Наконец, сказанному выше могут противопоставить мысль Энгельса, что анализ происхождения человека правильно начинать не с головы (что является отражением такого общественного устройства, где одни командуют, другие лишь исполняют), а от руки и процесса ее постепенного "освобождения" на пути от обезьяны к человеку, в ходе овладения все более сложными движениями и действиями. Философский смысл этой идеи Энгельса ясен: под "головой" он подразумевает дух, мысль. Но, по-видимому, в наши дни не будет нарушением материалистического замысла Энгельса, если акцент будет снова перенесен на "голову", но не в смысле духа, а в смысле мозга как органа, вне которого в глазах современной науки не может быть никаких управляемых действий ни руки, ни других частей тела. Рука хоть и эволюционировала морфологически на пути от обезьяны к человеку, все же не слишком сильно, и уж совсем ограниченно – от палеоантропа к неоантропу. Если она стала, по выражению Энгельса, "свободной", то в смысле более функциональном, чем морфологическом. Из чего по современным воззрениям складывается понятие "рука"? Из кисти, предплечья, плеча и их сочленений? Нет, рука идет значительно дальше. К примеру, человек с ампутированной рукой продолжает отчетливо чувствовать все ее звенья и как бы управлять ею. Это не просто иллюзия. Вспомним о протезах, управляемых биопотенциалами. Рука продолжается в нервах, ведущих в спинной мозг и от него. Она продолжается в нервах, ведущих в головной мозг и от него. На прецентральной извилине коры головного мозга имеется "представительство" или проекция всех частей тела, управление движениями которых осуществляется оттуда, и рука, особенно пальцы, занимают видное место в этом как бы скрытом в мозге моторном "человечке"; точно так же в постцентральной извилине имеется "представительство" или проекция всех сенсорных, чувствительных частей и органов тела, и опять-таки рука здесь занимает существенное место. В свете этих фактов уже невозможно понимать под "рукой" только анатомический член от пальцев до плечевого сустава. От такого развития мысль Энгельса нимало не пострадает. Не исказим мы ее и если напомним, что премоторный отдел, где находится проекция руки, непосредственно примыкает к префронтальному, управляющему выполнением всех сложных программ действий и тех речевых инструкций, которым подчинено поведение человека в труде.

V. Речь и реакция на нее

Полученная оценка широкой роли речи не означает, что речь мы будем понимать в тривиальном смысле. Напротив, встречная работа психолингвистики должна состоять в пересмотре и новом анализе самого феномена речи.

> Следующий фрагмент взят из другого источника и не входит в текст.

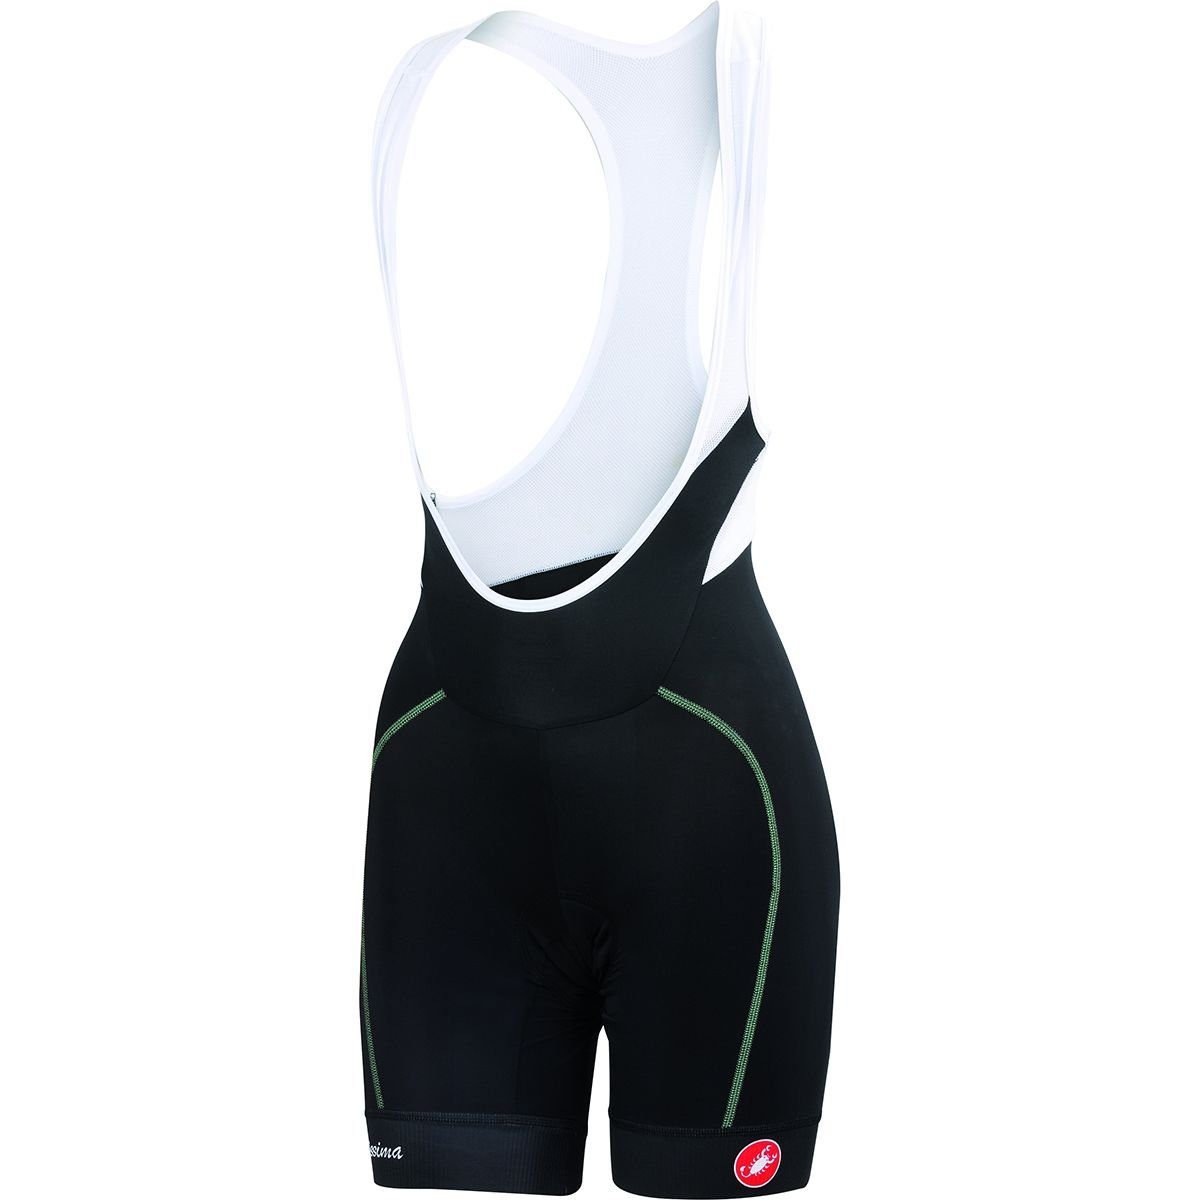 Castelli Cycling Velocissima Women's Bib Short Black/Pastel Mint Small by Castelli (Image #1)
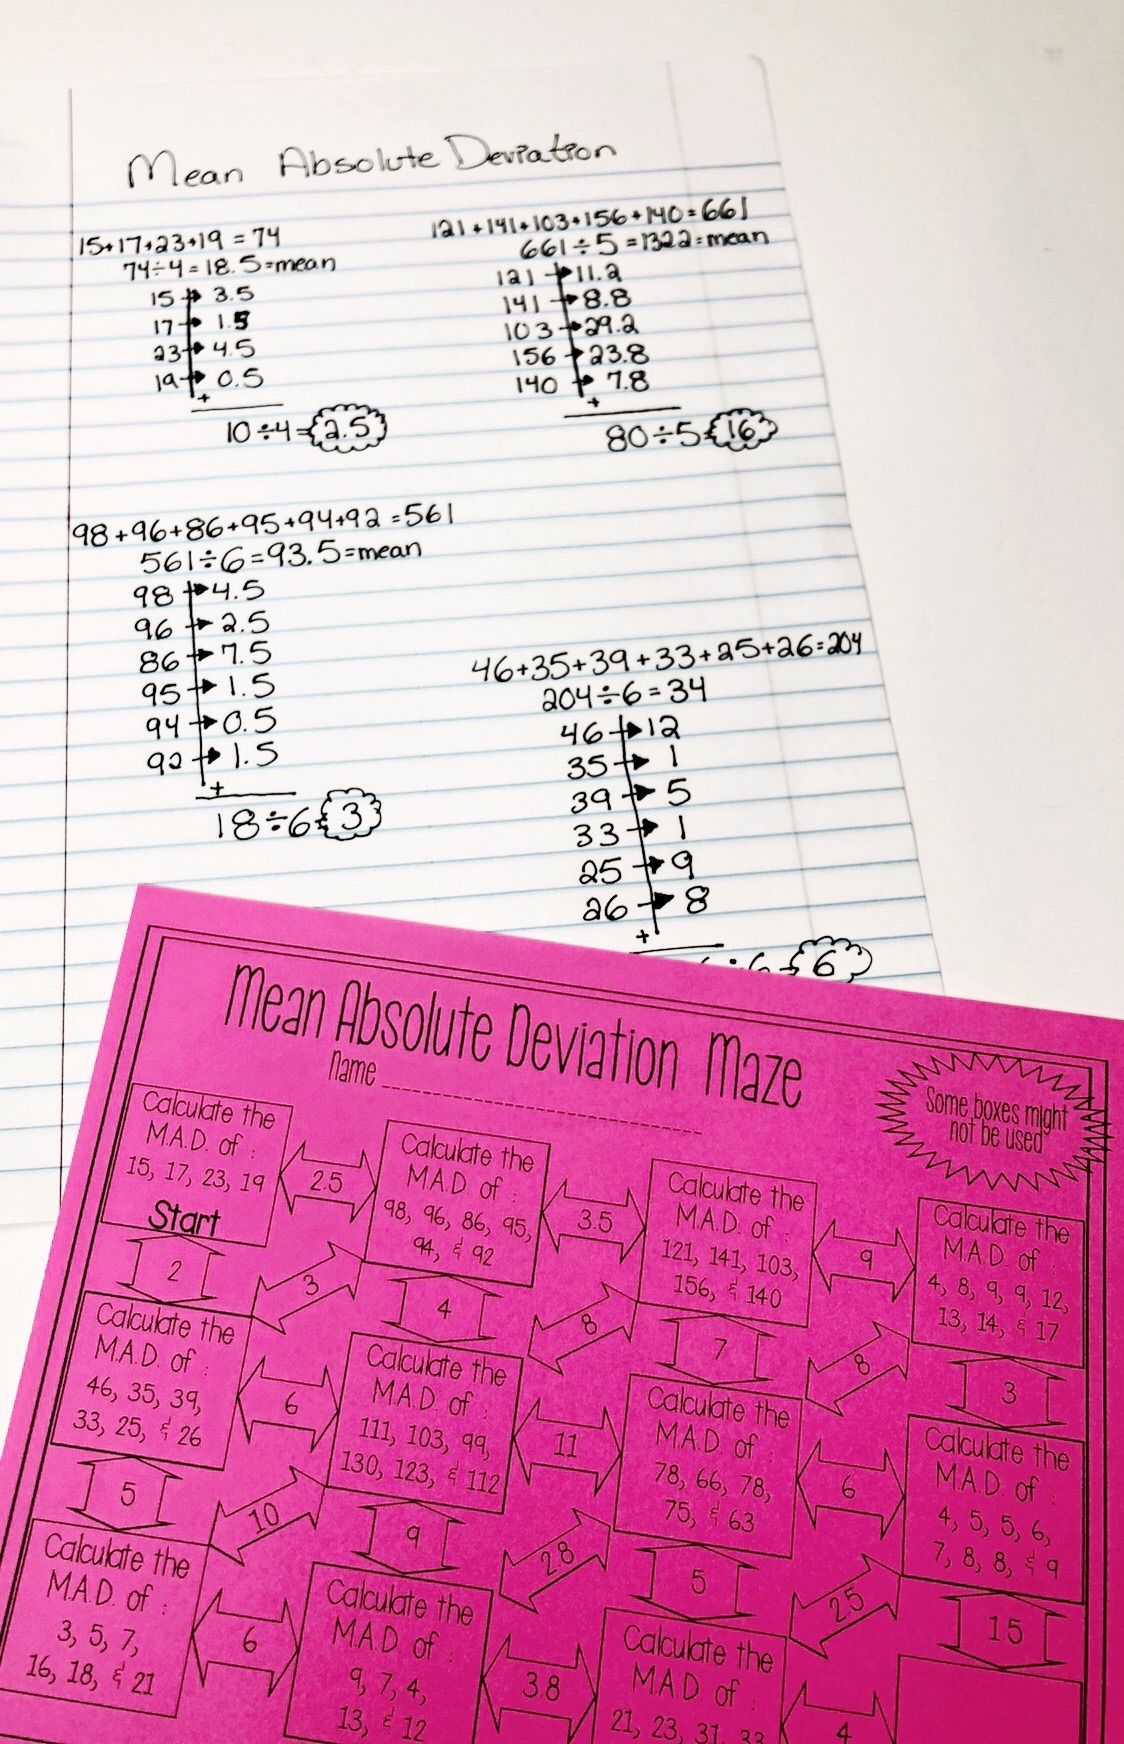 Mean Absolute Deviation Worksheet - Maze Activity   8th grade math  worksheets [ 1744 x 1124 Pixel ]

Поразившая в свое время умы идея Сепира-Уорфа, восходящая в какой-то мере к В. Гумбольдту и имеющая сейчас уже длинную историю дискуссий и обсуждений, состояла в том, что язык навязывает человеку нормы познания, мышления и социального поведения: мы можем познать, понять и совершить только то, что заложено в нашем языке. Прав В. А. Звегинцев, что по существу эта гипотеза пока еще и не Опровергнута и не отброшена. "С ней не разделаешься, -продолжает он, – простой наклейкой на нее ярлыка, что она "ложная" или "идеалистическая"". И В.А.Звегинцев по-своему преобразовал эту идею: "Лингвисты, пожалуй, даже несколько неожиданно для себя обнаружили, что они фактически еще не сделали нужных выводов из того обстоятельства, что человек работает, действует, думает, творит, живет, будучи погружен в содержательный (или значимый) мир языка, что язык в указанном его аспекте, по сути говоря, представляет собой питательную среду самого существования человека и что язык уж во всяком случае является непременным участником всех тех психических параметров, из которых складывается сознательное и даже бессознательное поведение человека".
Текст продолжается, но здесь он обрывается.